Support Vector Machines (SVMs) were initially developed in the 1960s and refined in the 1990s. Currently, they are becoming very popular in machine learning because they have demonstrating that they are very powerful and somewhat different from other machine learning algorithms. We will find what makes them special.

Let’s start!

SVM Intuition

Suppose we have two columns on data. Now how do we separate them in a way that it prevents a new data from entering into the wrong region? We can draw a horizontal line between them, or a vertical line. Or a slightly tilted line. The possibilities are unlimited but which one is the right approach? SVM will help you here finding the best divider cause that’s all SVM is all about.

How SVM searches for the appropriate line? It finds the line through maximum margin. Here you can see a blue line, this a line SVM will draw in a way that the line will separate the two regions also it will be the maximum margin at a same time meaning the distance from the red point and the green point (marked in the plot) will be equidistance. The two point are called the support vectors, they are supporting the whole algorithm. Even if you eliminate rest of the points, nothing will change in the algorithm. The other points don’t contribute in the algorithm at all.

Let’s look at what else we have here.

We got a line in the middle which is called Maximum Margin Hyperplane. In a 2D space, it’s a classifier but in multi dimensional space - it’s a hyperplane. Then we got a red and green line, the green one is called a positive hyperplane and the red one is called a negative hyperplane. The order doesn’t matter here.

Now why are they so popular?

Imagine you're trying to teach a machine to tell the difference between apples and oranges, to classify a fruit as either an apple or an orange. You tell the machine, "I'm going to give you some test data. Look at all these apples and oranges. Analyze them, see what features they have. Then, next time, I'll give you a fruit, and you'll need to classify it and tell me whether it's an apple or an orange." This is a typical machine learning problem.

Now in our case here you can see let's say on the right we have oranges on the left we have apples. A machine would try to learn from apples that are very similar to apples so it would know what an apple is. It would also learn from oranges to understand what an orange is. This is how most machine learning algorithms work. Based on this learning, the machine can make predictions and classify new data elements and variables. But-

In the case of a support vector machine, it's a bit different. Instead of looking at the most stock standard apple like apples and orange like oranges, this machine will look at the apples that looks like an orange.

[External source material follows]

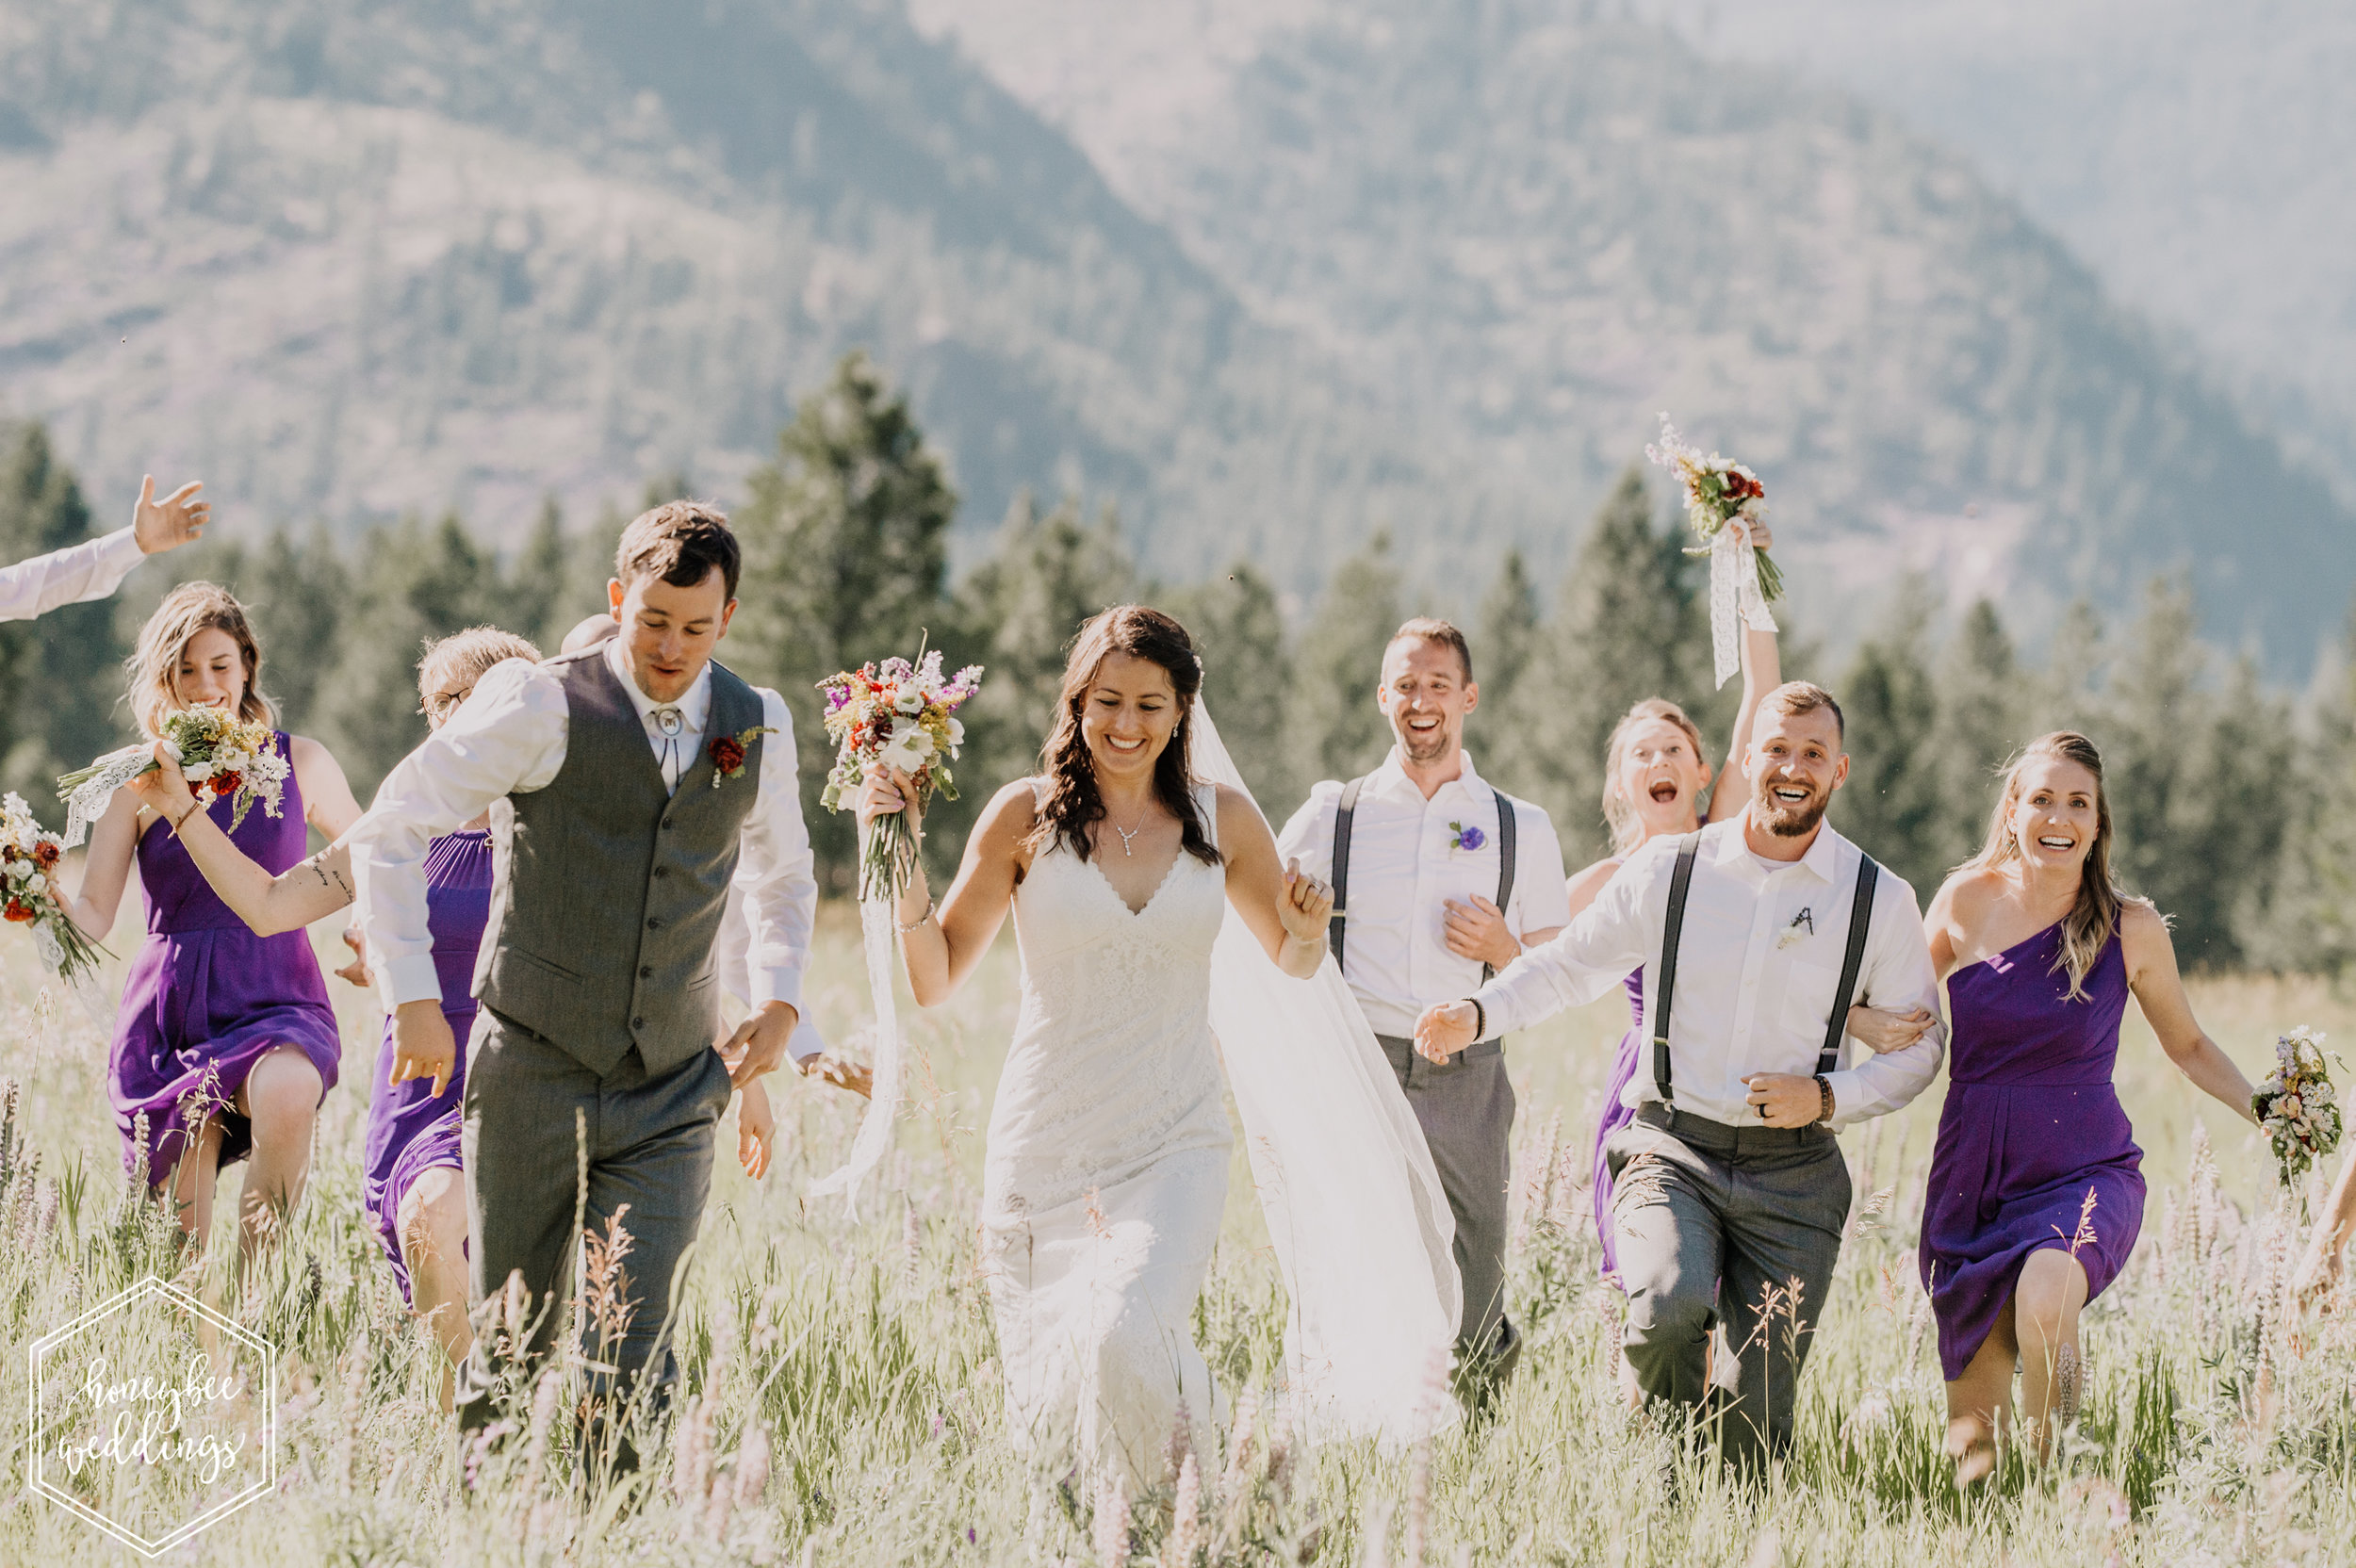 412 White Raven Wedding_Montana Wedding Photographer_Honeybee Weddings_ Meghan Maloney + Arza Hammond 2018-8893.jpg

Look at the picture here. This is not your standard apple, this is an orange color apple. It’s a very confusing apple!

As for the oranges (ignore the lemon here), it will look for the orange which doesn’t have an orange like feature, for example the green orange over here. We have a green orange. It's not normal to have a green orange. when you think of orange you think of orange orange. And so what that is is.

These are the support vectors.

Those are the support vectors. You can see that they are very close to the boundary. The red apple is very close to the green ones, and the green orange is very close to the red ones. In this way, the support vector machine is like a more extreme, rebellious, and risky algorithm because it focuses on these edge cases near the boundary to make its analysis.

This approach makes support vector machine algorithms very unique and different from most other machine learning algorithms. That's why they sometimes perform much better than non-support vector machine algorithms.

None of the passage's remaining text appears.